== WORK ORDER ==
Skip the pictures. Give all the data again exactly.
SUPPLIED INFORMATION START
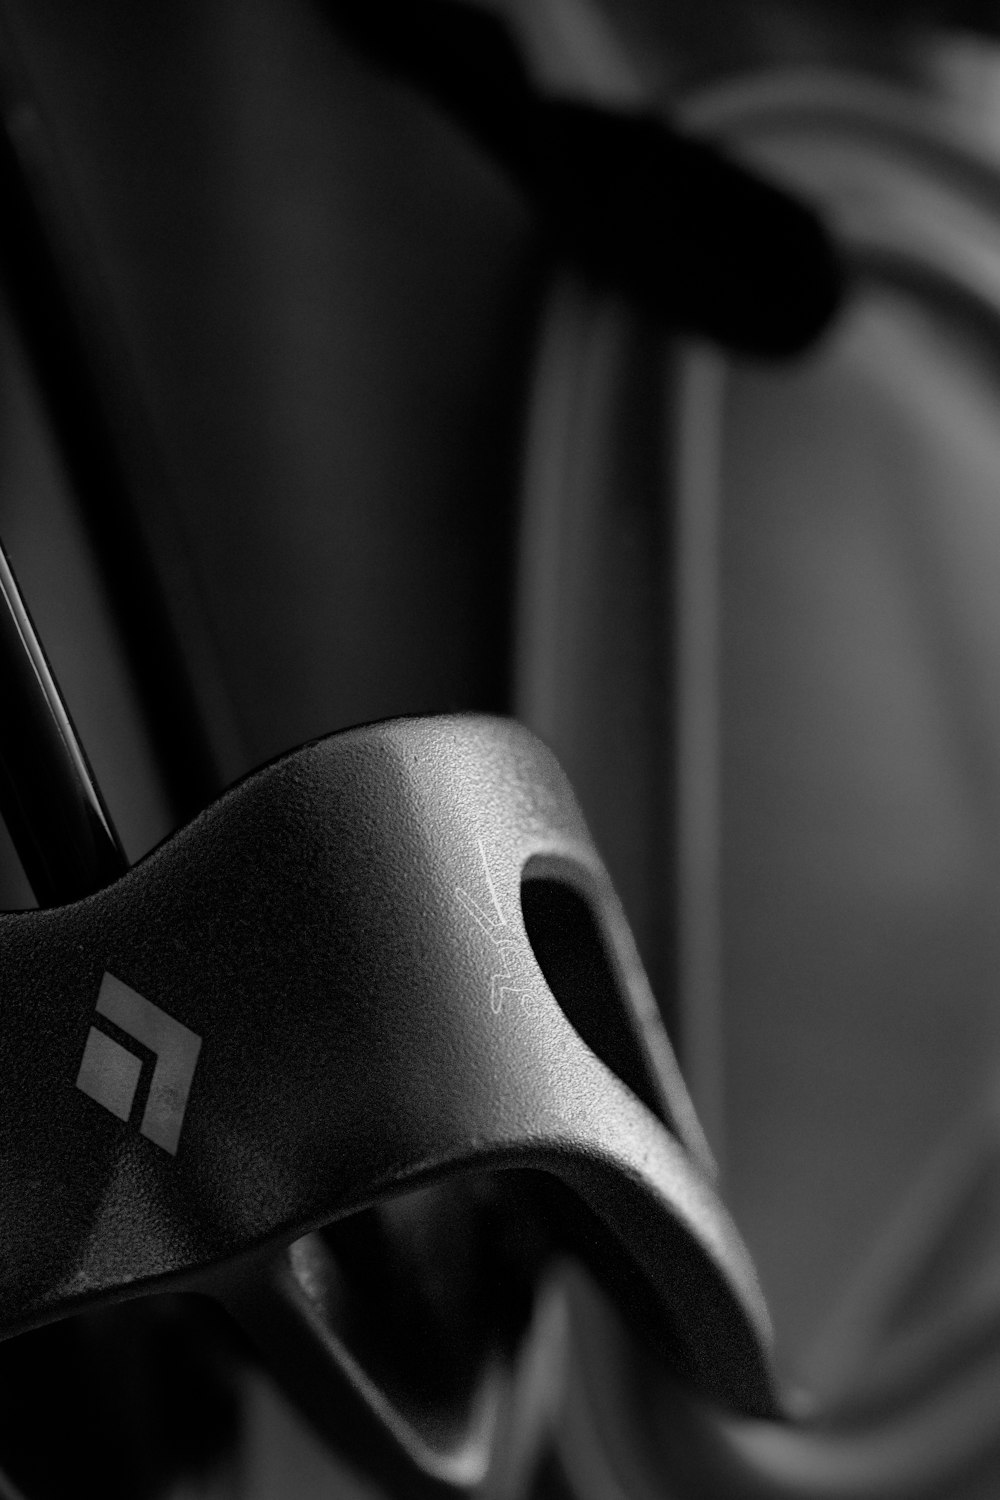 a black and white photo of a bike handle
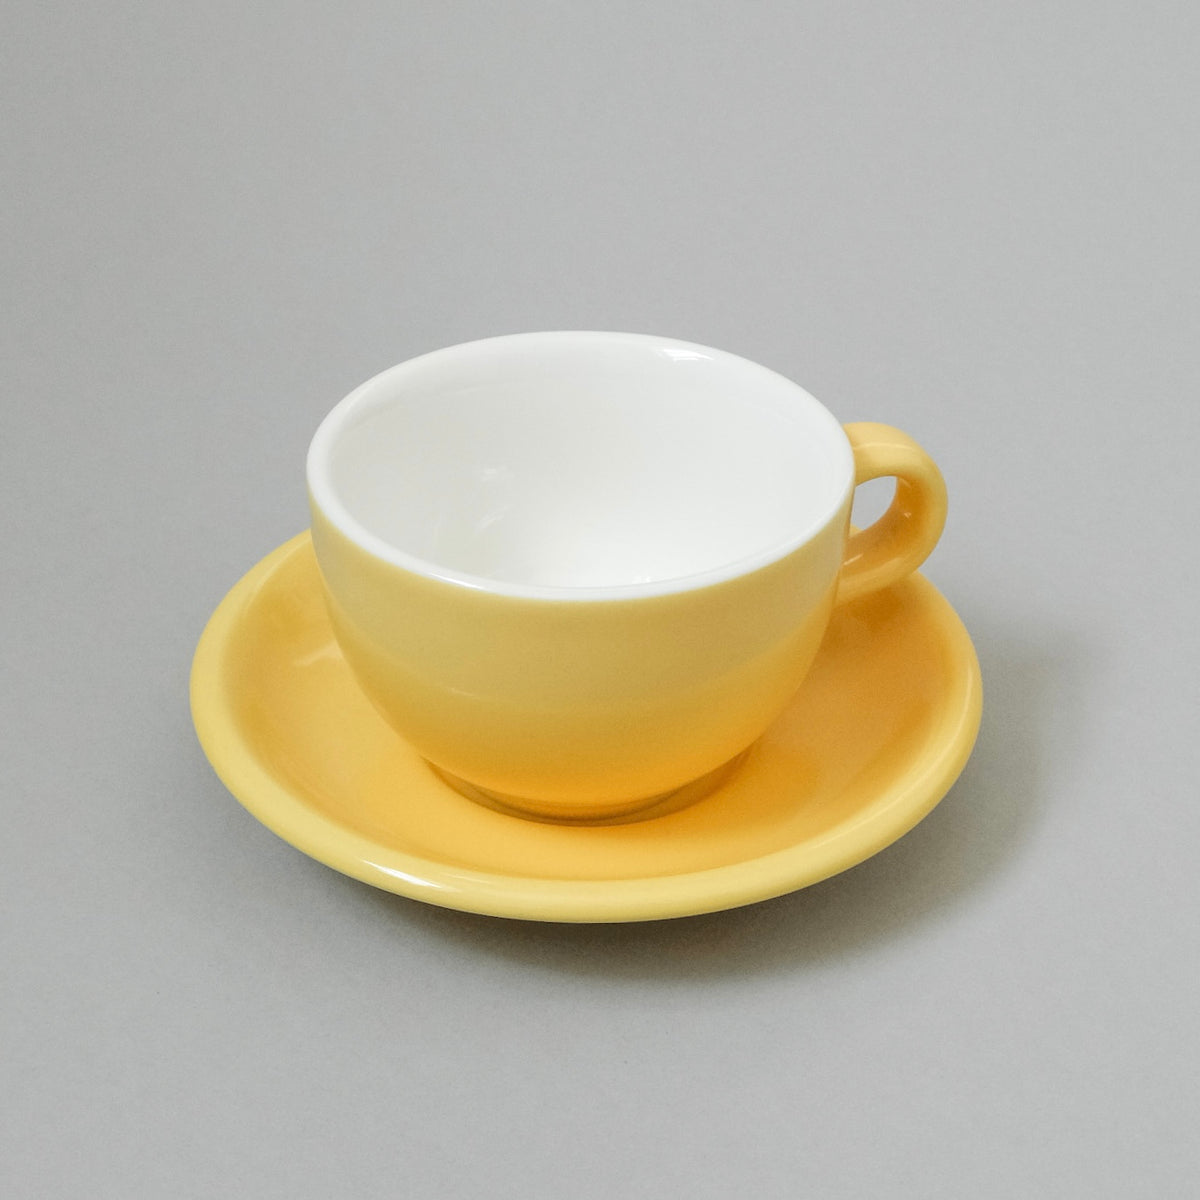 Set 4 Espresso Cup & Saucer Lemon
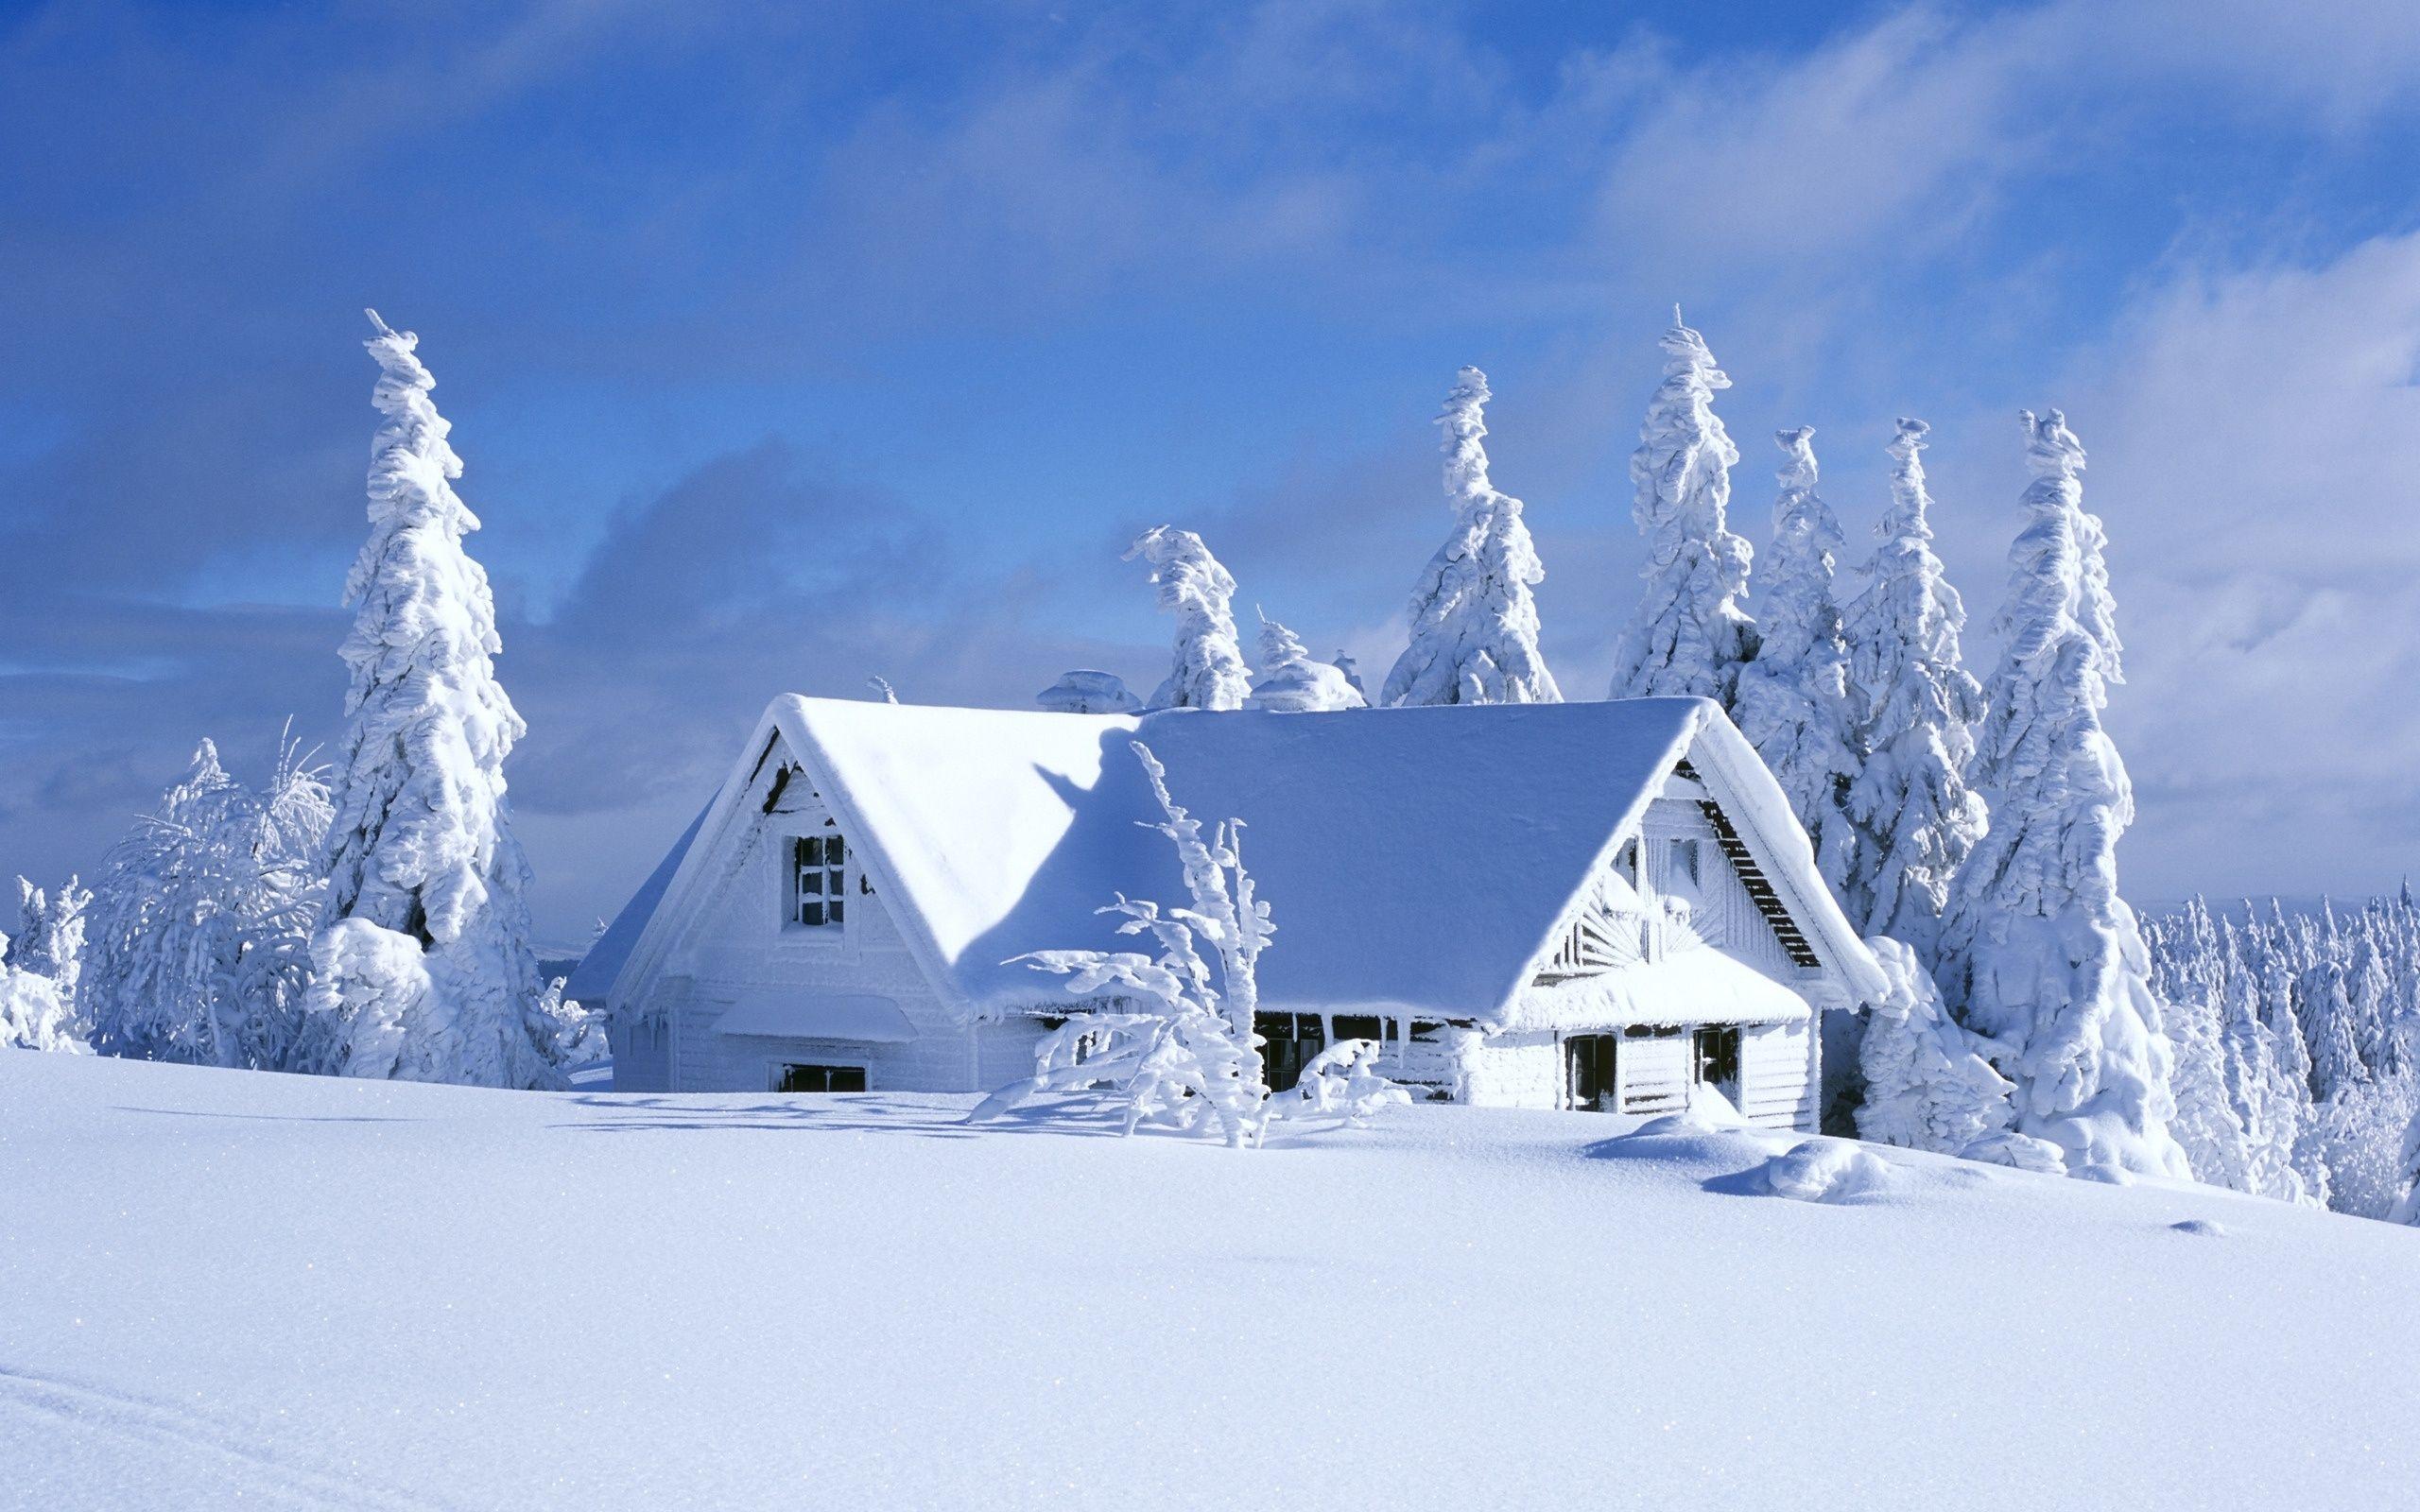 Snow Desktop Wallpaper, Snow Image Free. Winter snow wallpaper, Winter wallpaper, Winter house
SUPPLIED INFORMATION END
== OUTPUT FOR THIS TASK ==
 a black and white photo of a bike handle
 Set 4 Espresso Cup & Saucer Lemon
 Snow Desktop Wallpaper, Snow Image Free. Winter snow wallpaper, Winter wallpaper, Winter house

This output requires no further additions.